▶ **Required action**: Locate, in the data below, the line that contains "blutroter See getaucht" and the line that contains "Солнечная семья гуляет"; reproduce exactly those two lines and every line between them, nothing more.

(Data records Opens)

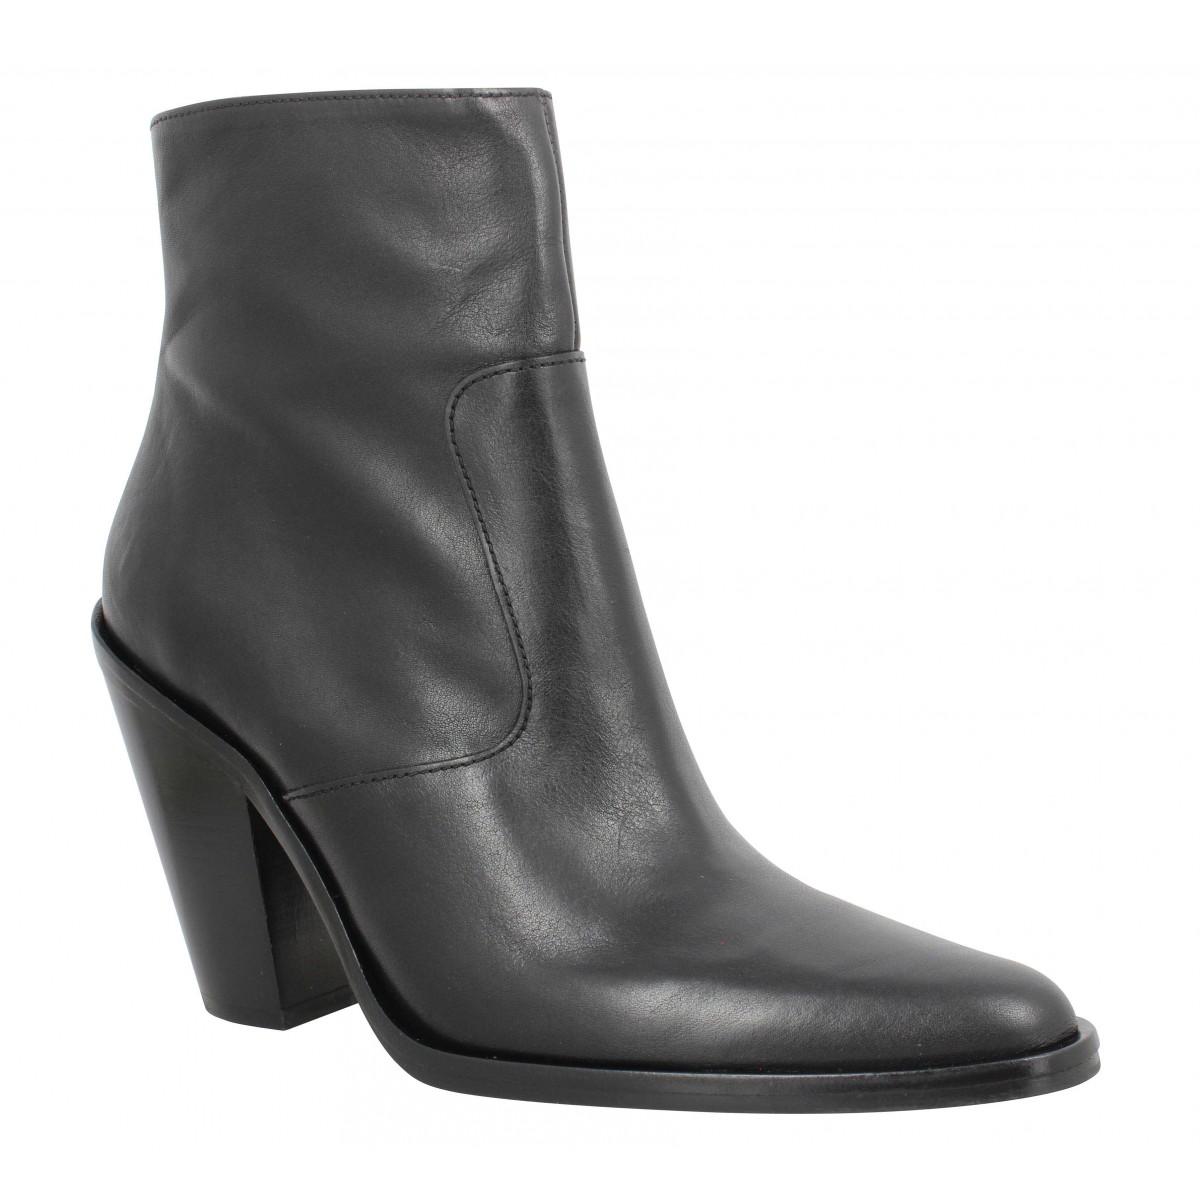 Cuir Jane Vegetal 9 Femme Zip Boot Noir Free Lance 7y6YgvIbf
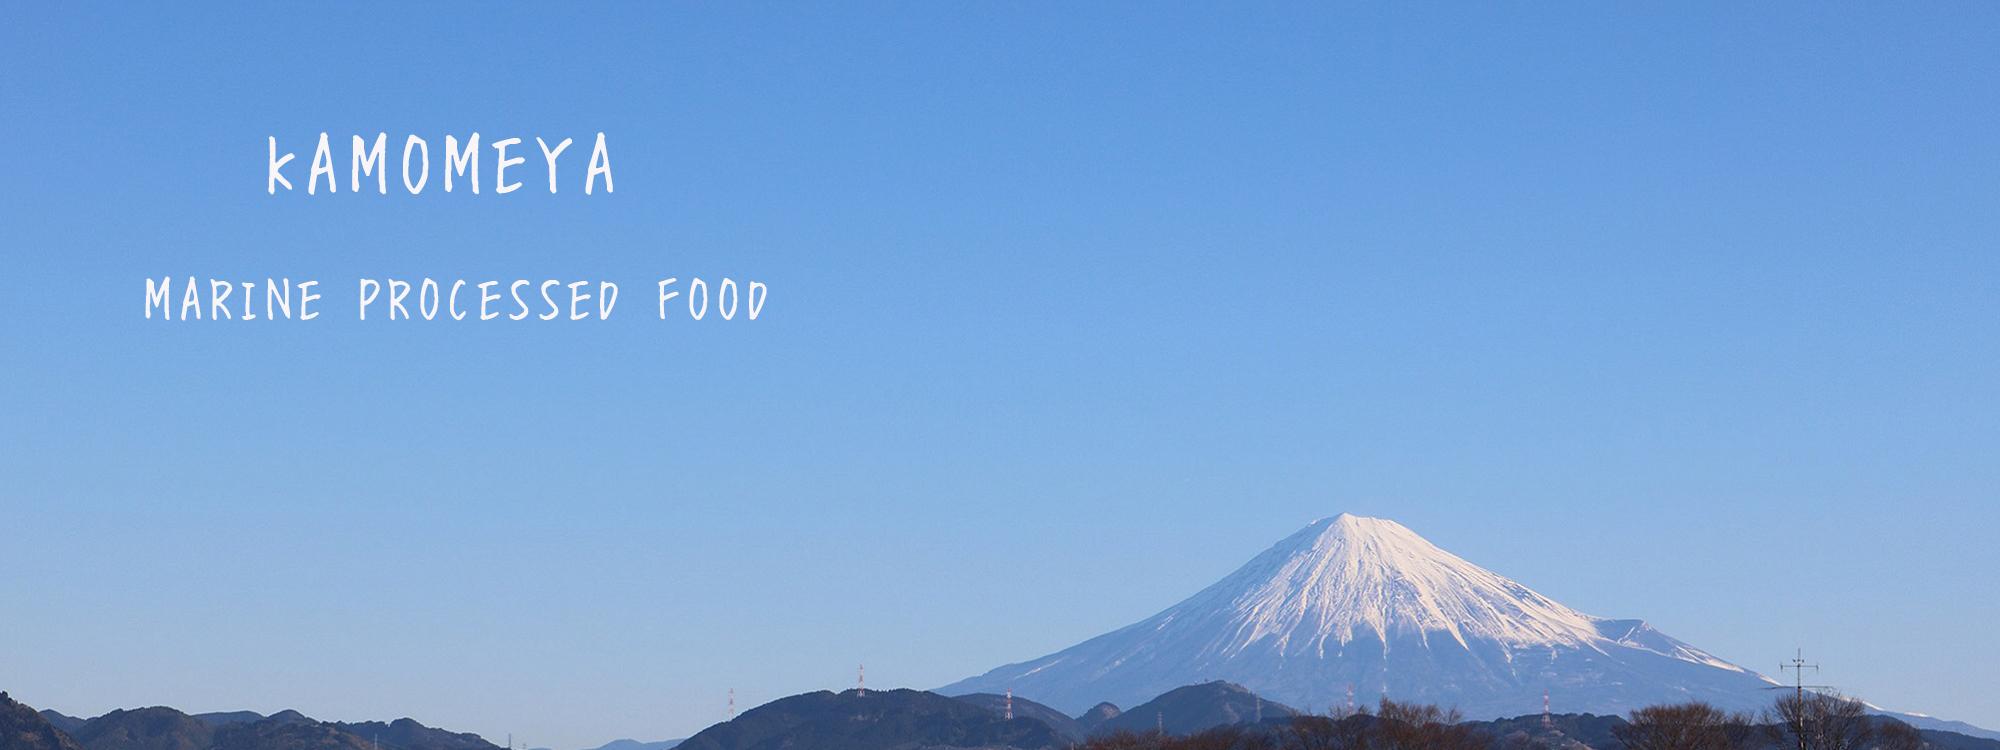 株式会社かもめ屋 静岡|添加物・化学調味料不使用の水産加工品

(Data records Closes)
(Data records Opens)

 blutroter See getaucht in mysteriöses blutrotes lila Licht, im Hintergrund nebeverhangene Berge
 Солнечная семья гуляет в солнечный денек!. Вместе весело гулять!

(Data records Closes)

▶ **Written response**:
 blutroter See getaucht in mysteriöses blutrotes lila Licht, im Hintergrund nebeverhangene Berge
 Солнечная семья гуляет в солнечный денек!. Вместе весело гулять!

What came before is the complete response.